• **Problem**
Return all of the data below verbatim and exclude every picture.

• **Dataset content**

· · · · ·

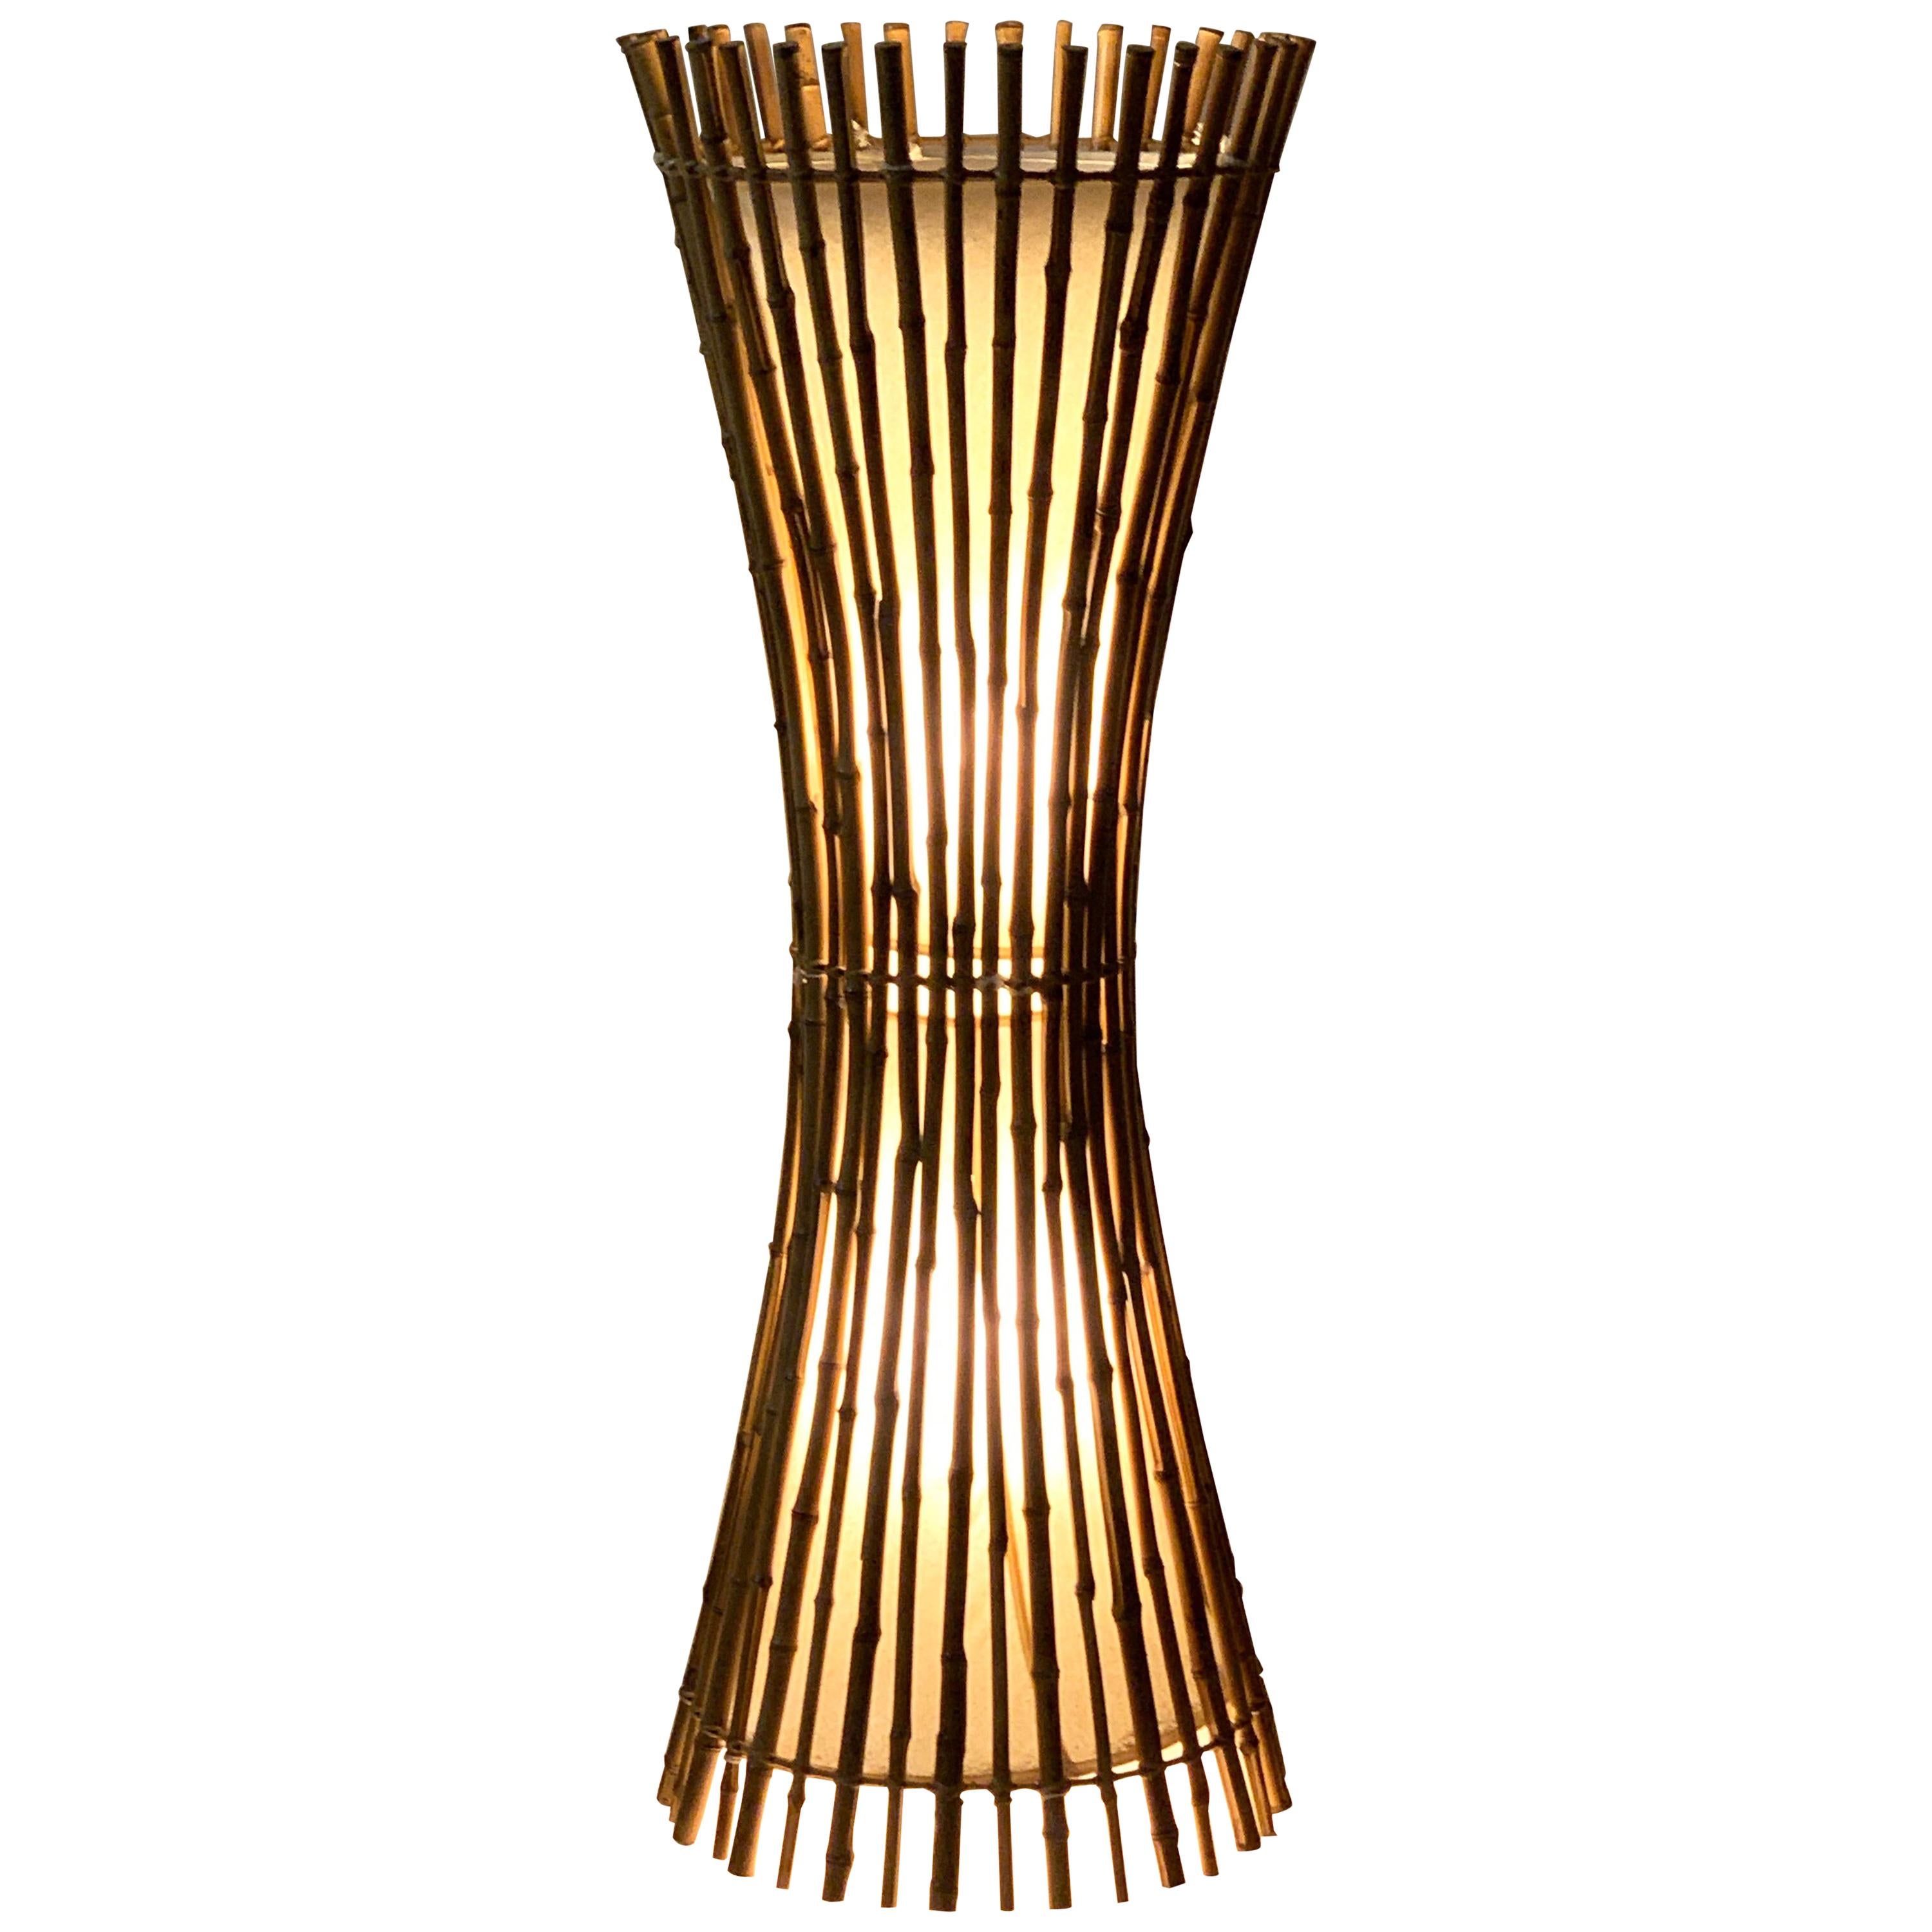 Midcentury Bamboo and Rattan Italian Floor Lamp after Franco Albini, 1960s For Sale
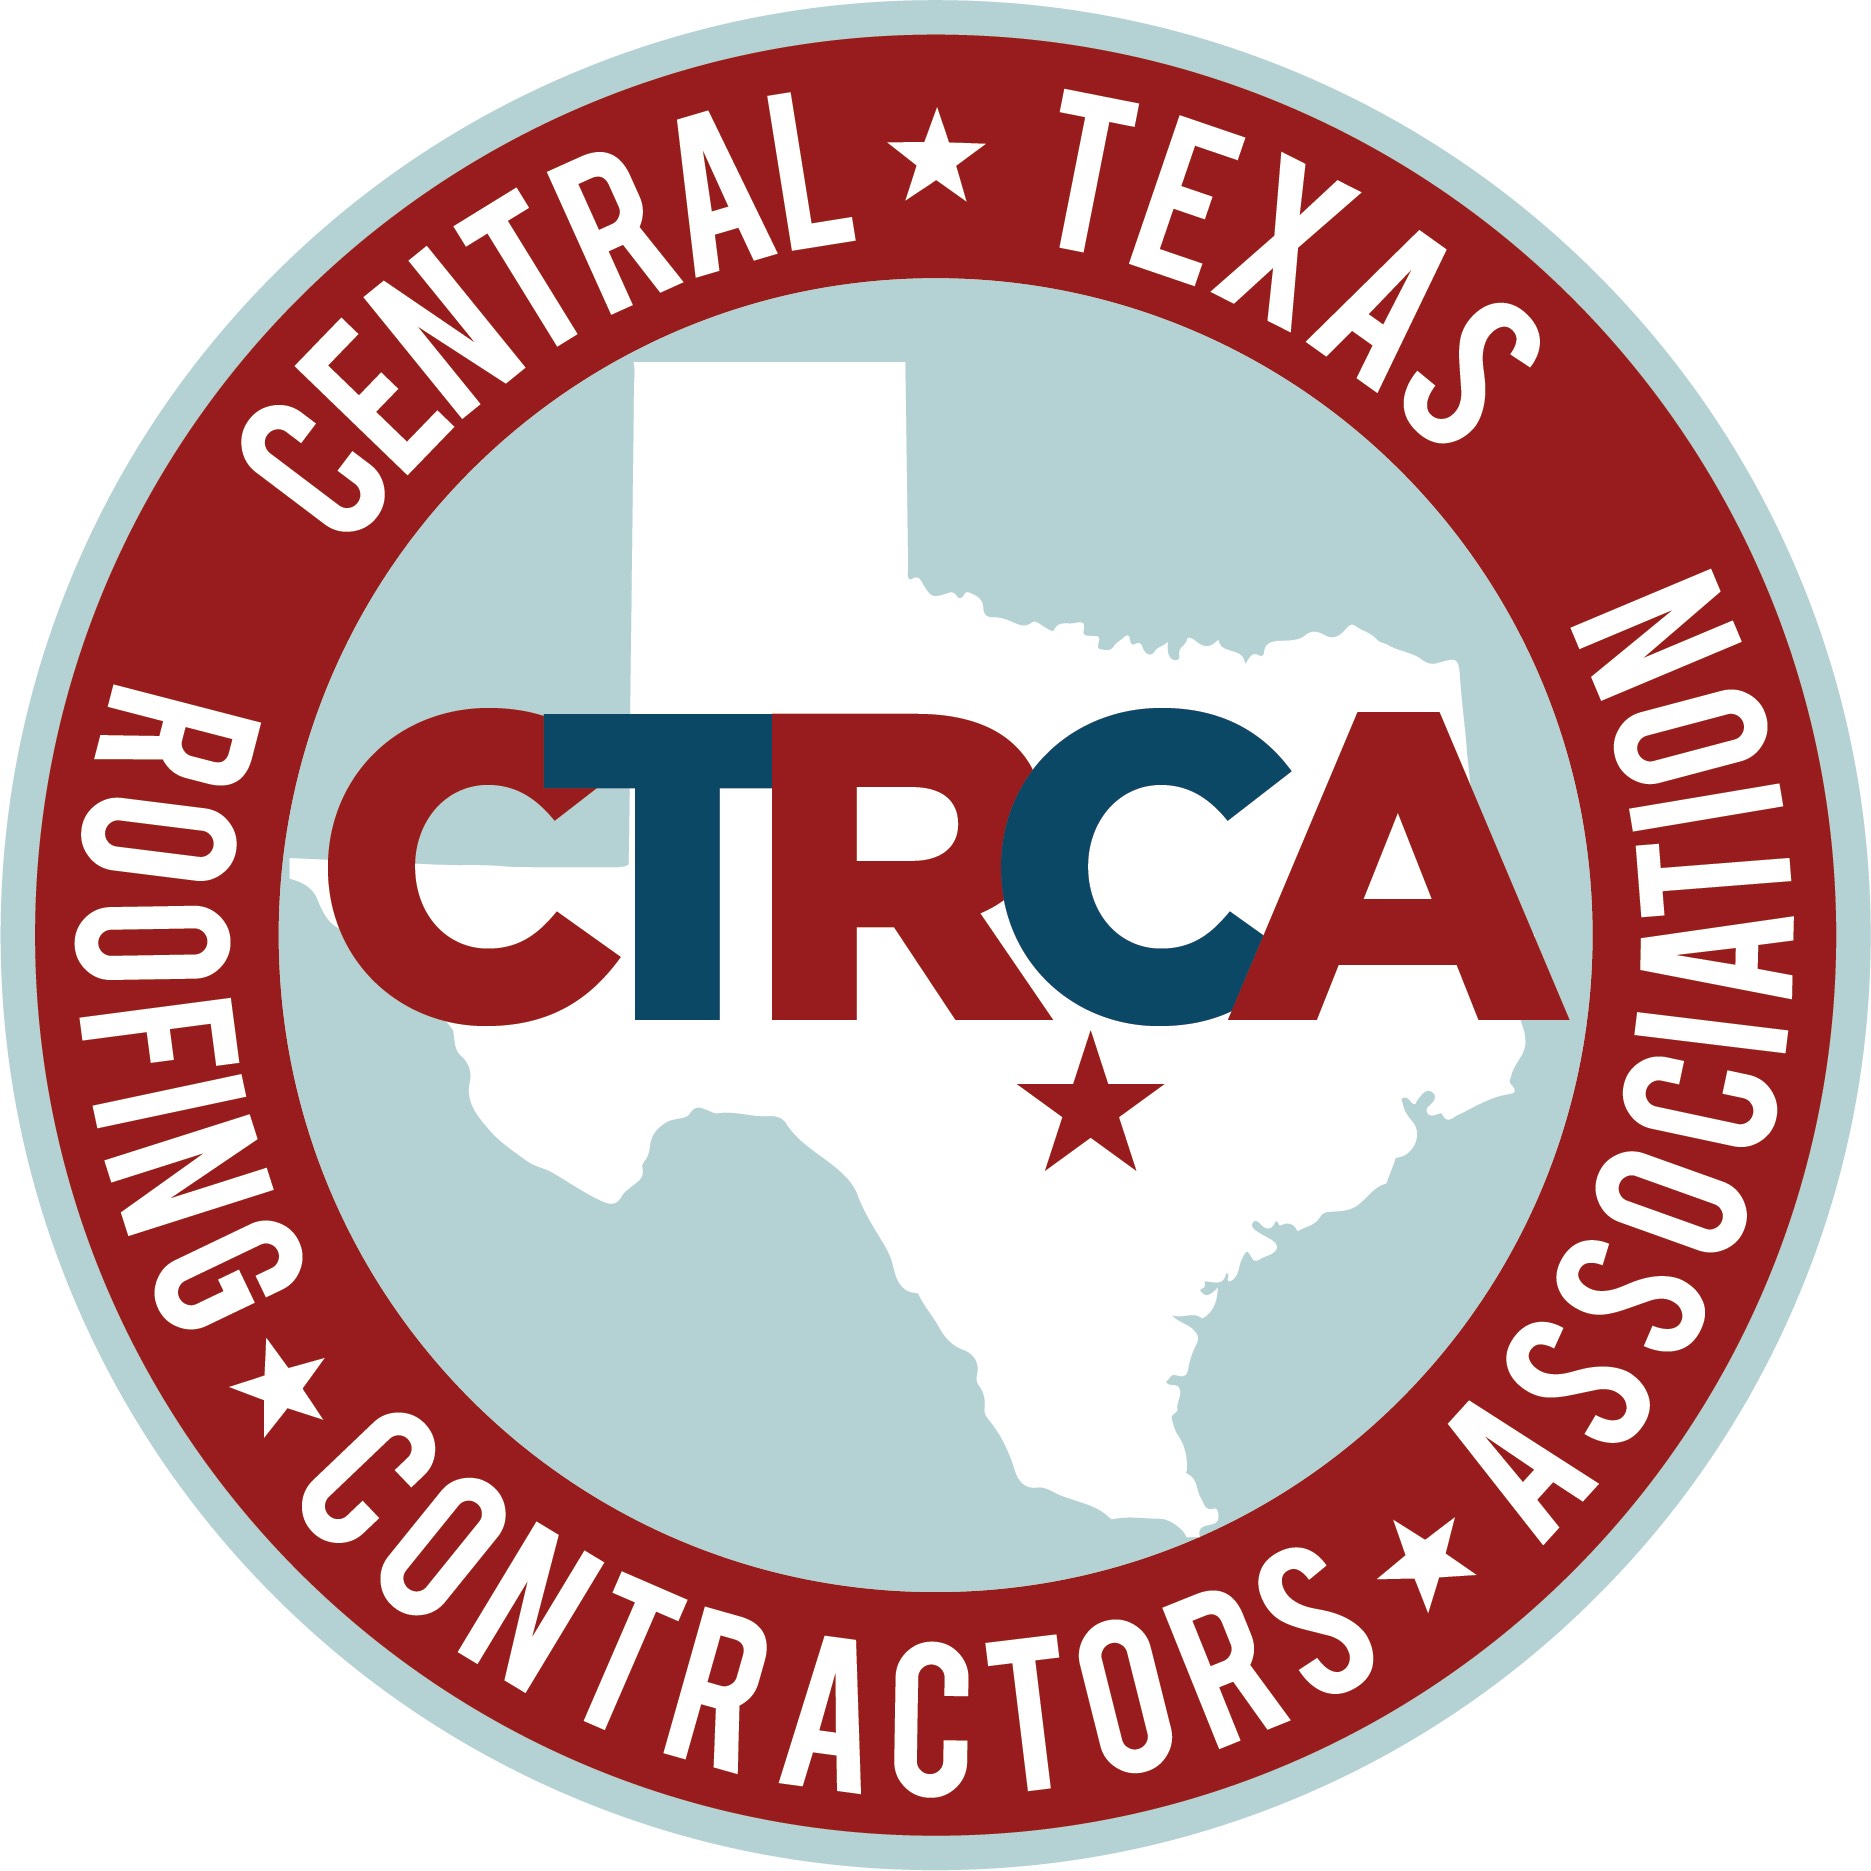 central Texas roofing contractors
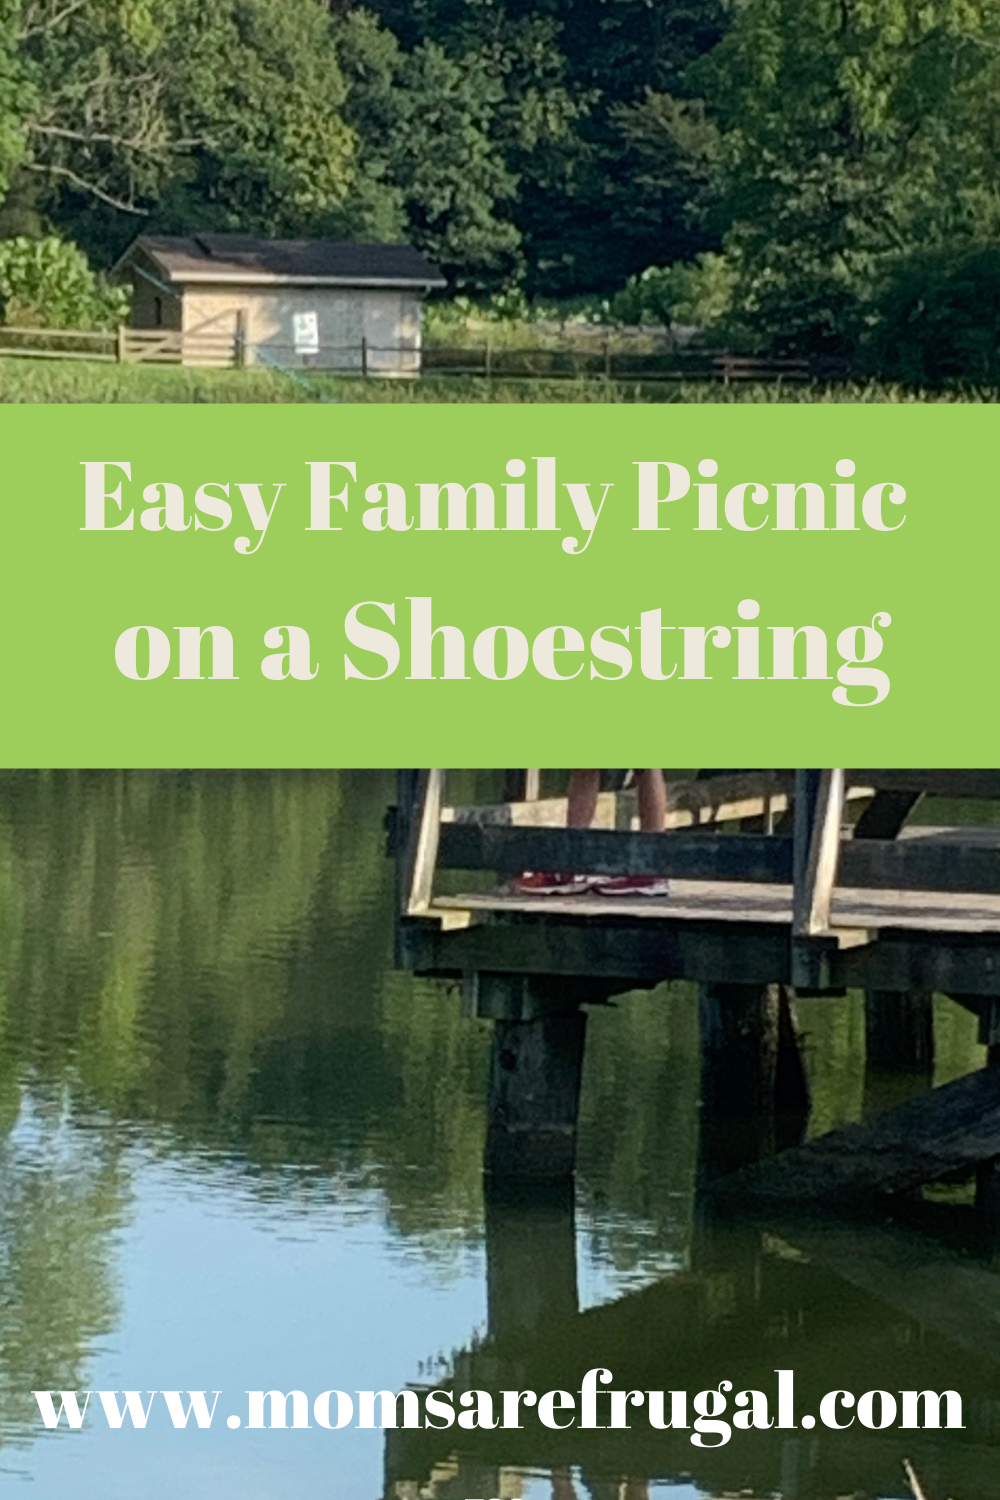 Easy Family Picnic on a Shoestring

· · · · ·

• **Solution for this problem**
 Midcentury Bamboo and Rattan Italian Floor Lamp after Franco Albini, 1960s For Sale
 central Texas roofing contractors
 Easy Family Picnic on a Shoestring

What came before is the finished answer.